Thought hooks

I am not sure how my interest in quotations began. In youth I looked for credos. I can remember tacking up over my desk the credo of Walt Whitman (''take off your hat to no man''), which a college roommate had discovered in the preface to the second edition of ''Leaves of Grass.'' I began to find them in newspaper columns as fillers and on certain kinds of calendars. At that early time, if you gave me a quotation, any quotation, I would give it respectful attention. To this day I am unable to pass a quote on a church bulletin board without reading it. I am looking for something, some perfect expression. Now I am old enough to know that what I am looking for is actually a neater version of my own jumbled thoughts.

In 1960 I began to be more orderly in my attention to quotations. As a teacher I had a blackboard behind me, and it was clear that many of my students were not exactly set on fire by the niceties of English instruction. I collected quotations on little cards and had a student copy one of them on the board each day. The practice assured me that a bored kid would not be leaving the class entirely empty-handed. There they stood silently on the board behind me.

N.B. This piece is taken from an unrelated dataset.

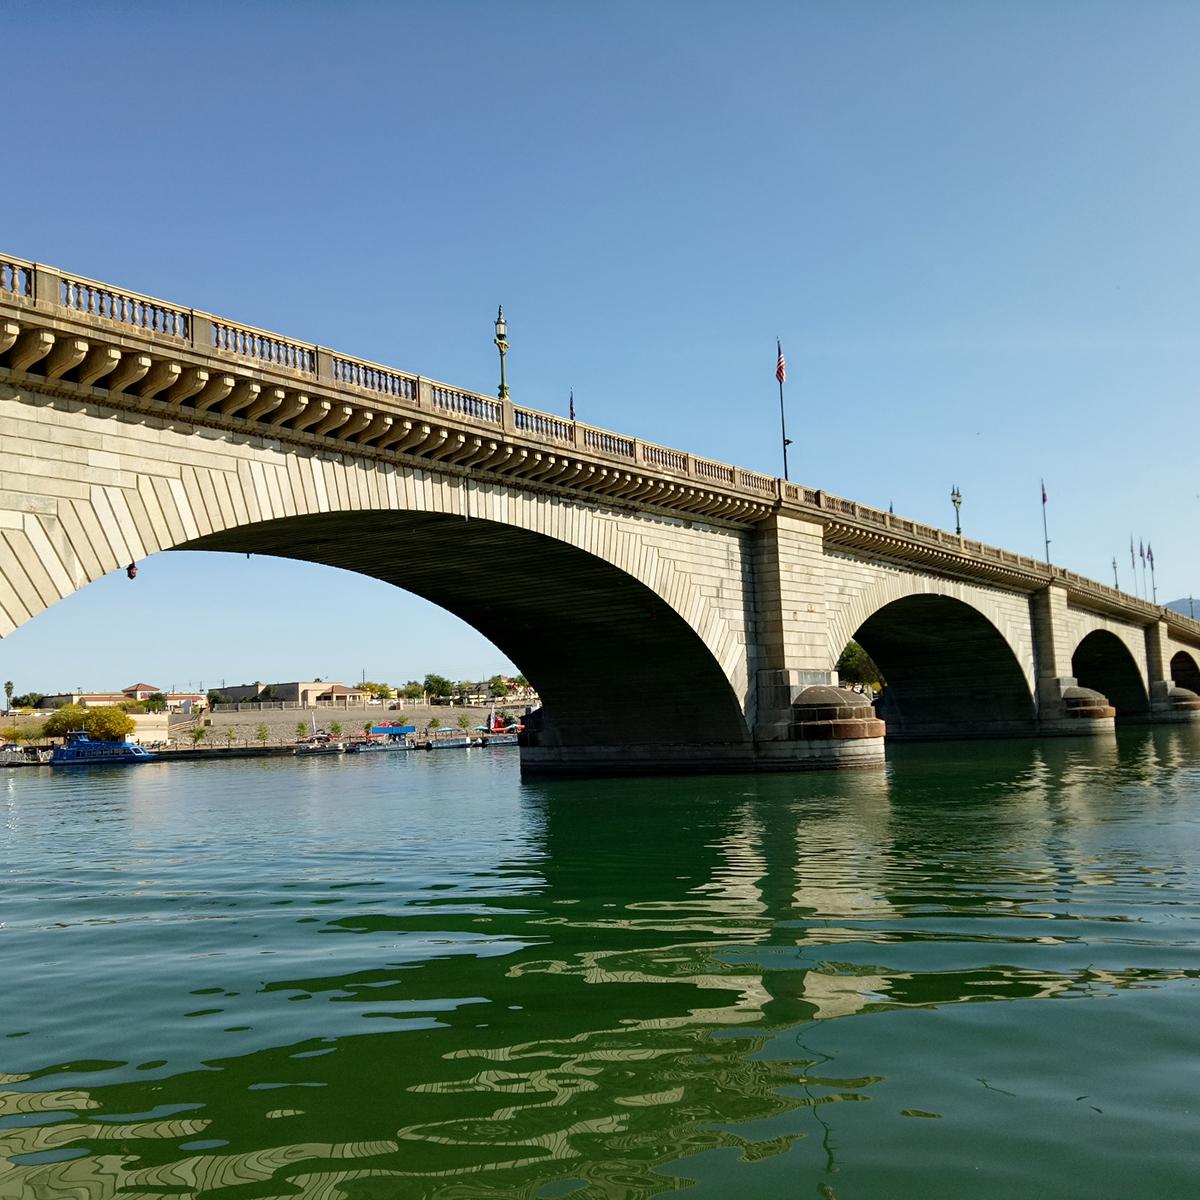 london bridge lake havasu usa road trip travel blog

I tried to challenge my students (''physiognomy is destiny'') or to amuse them (''the best way to keep your friends is not to give them away''). Two selection rules governed: They should not be moralistic statements (''it's always later than you think''), they should not be sentimentally obvious (''I sorrowed that I had no shoes until I saw a man with no feet''). In 13 years I collected some 700 of them and when I retired left my hoard with another teacher who was also a collector.

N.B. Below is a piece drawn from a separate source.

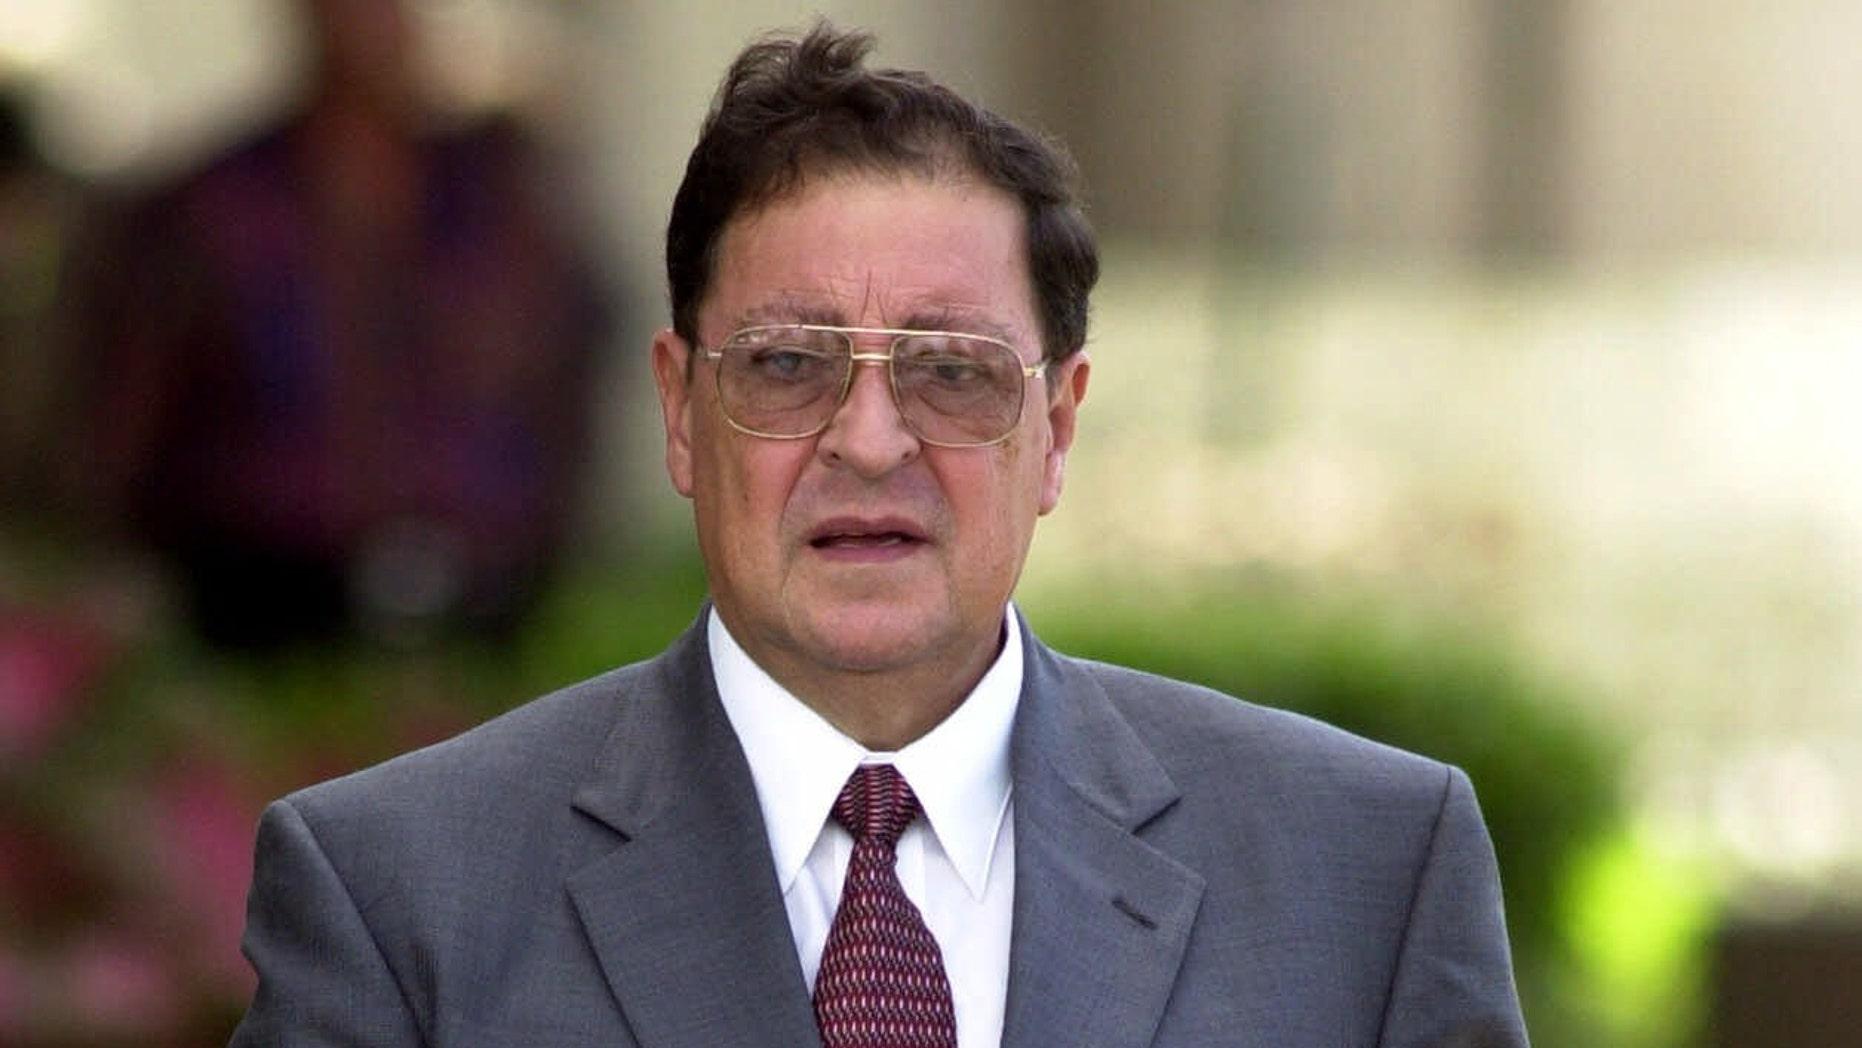 Former defense minister of El Salvador, Carlos Eugenio Vides Casanova, leaves federal court in Palm Beach, Fla.

Before I left I went through my haul and picked out 40 that I liked, jammed them onto a single sheet, and from my touring retirement van passed the sheets out to hitchhikers and others in imitation of Johnny Appleseed. Two favorites from that elite list: ''This time, like all other times, is the best time, if we but knew what to do with it'' and ''If you eat cherries with your superiors, you get the pits in your eyes.''

There are attendant hazards in being a collector. You can become a champion bore to friends. Chesterton once had a character in a play speak nothing but quotations. The audience howled every time he opened his mouth. Fortunately, as easily as they flow into the mind, they also flow out.

A few words about the kinds of quotations - sayings, saws, adages, mottos, proverbs, aphorisms, epigrams. These have in common two things, brevity and an observation on human behavior. The above group can be further divided into two - the common sayings we have heard many times (''a stitch in time . . .'') and those which for lack of a better word we might call profound or witty (''the past is not dead; it isn't even past''). This last group should be dealt with in more detail.

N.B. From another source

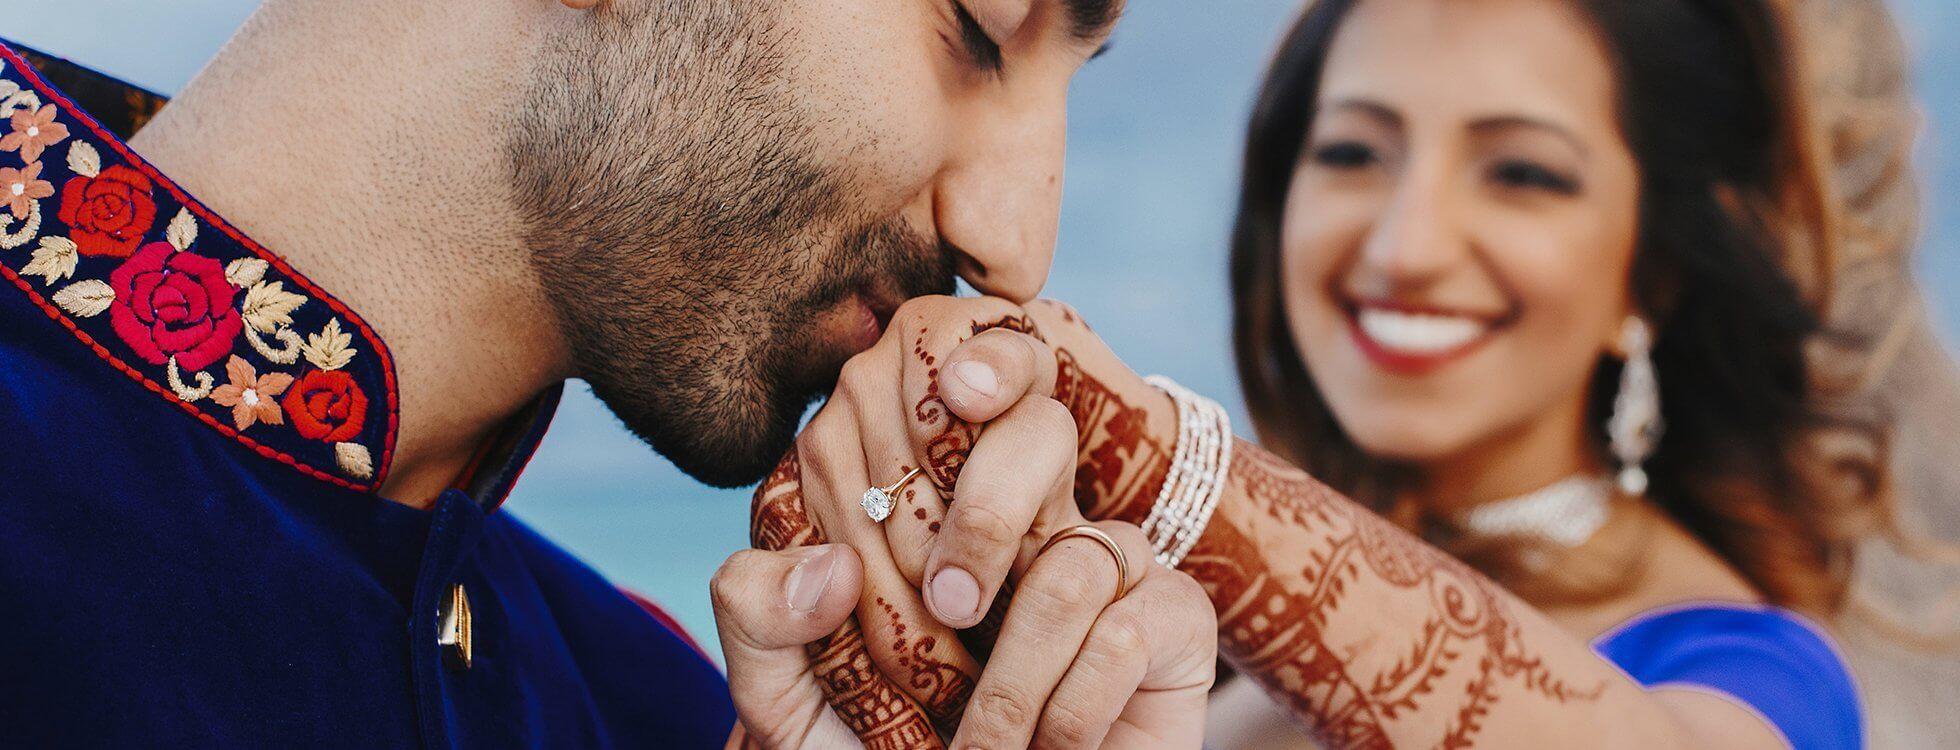 NRI Matrimony, Matrimonials, Bride, Groom

Heavy pronouncements: Here you can almost feel the writer pounding on the table for emphasis. (''It is well known that evils are alleviated by the fact that we bear them in common. People seem to regard boredom as one of these and therefore get together in order to be bored in common.'')

The bitter downers: ''It takes your enemy and your friend working together to hurt you to the heart: the one to slander you and the other to get the news to you.'' ''I can protect me from my enemies but God protect me from my friends.''

Thank goodness I am not as others: ''Commonplace people have an answer for everything and nothing surprises them.''

Imagination working on small detail: ''When you observe an animal closely you feel as if a human being sitting inside were making fun of you.''

Men and women: ''Women have theatrical exteriors and practical interiors, men the reverse.''

Dry: ''As scarce as truth is, the supply has always been in excess of the demand.''

Puns: ''One man's Mede is another man's Persian.''

I have a special place in my heart for folk, or country, talk: ''Rules for right living: Never eat at a restaurant called Mom's; never play cards with a man named Doc.'' ''Stuck tighter than a mouse in a molasses barrel.'' ''It's OK, but I wouldn't order it in a restaurant.'' ''Noisy as a cookstove falling downstairs.''

Of all quotations my favorites might be these: ''Never underestimate people's intelligence but never overestimate their information.'' ''People are not against you. They are merely for themselves.''

What is the appeal of these small strings of words? My guess is that we constantly seek illuminations, clarities. These lollipops of language can sum up our feelings, can give mysterious comfort. Perhaps it is that our senses are so active, our minds so busy that we seek little islands of certainty, small thought hooks that say what is on our minds better than we can ourselves. A quotation is a kind of verbal template. It can be a lazy man's substitute for thinking, or a baseball bat for a pedant. But often and often they make us smile , open a door, comfort the worried. The world would be poor indeed without them.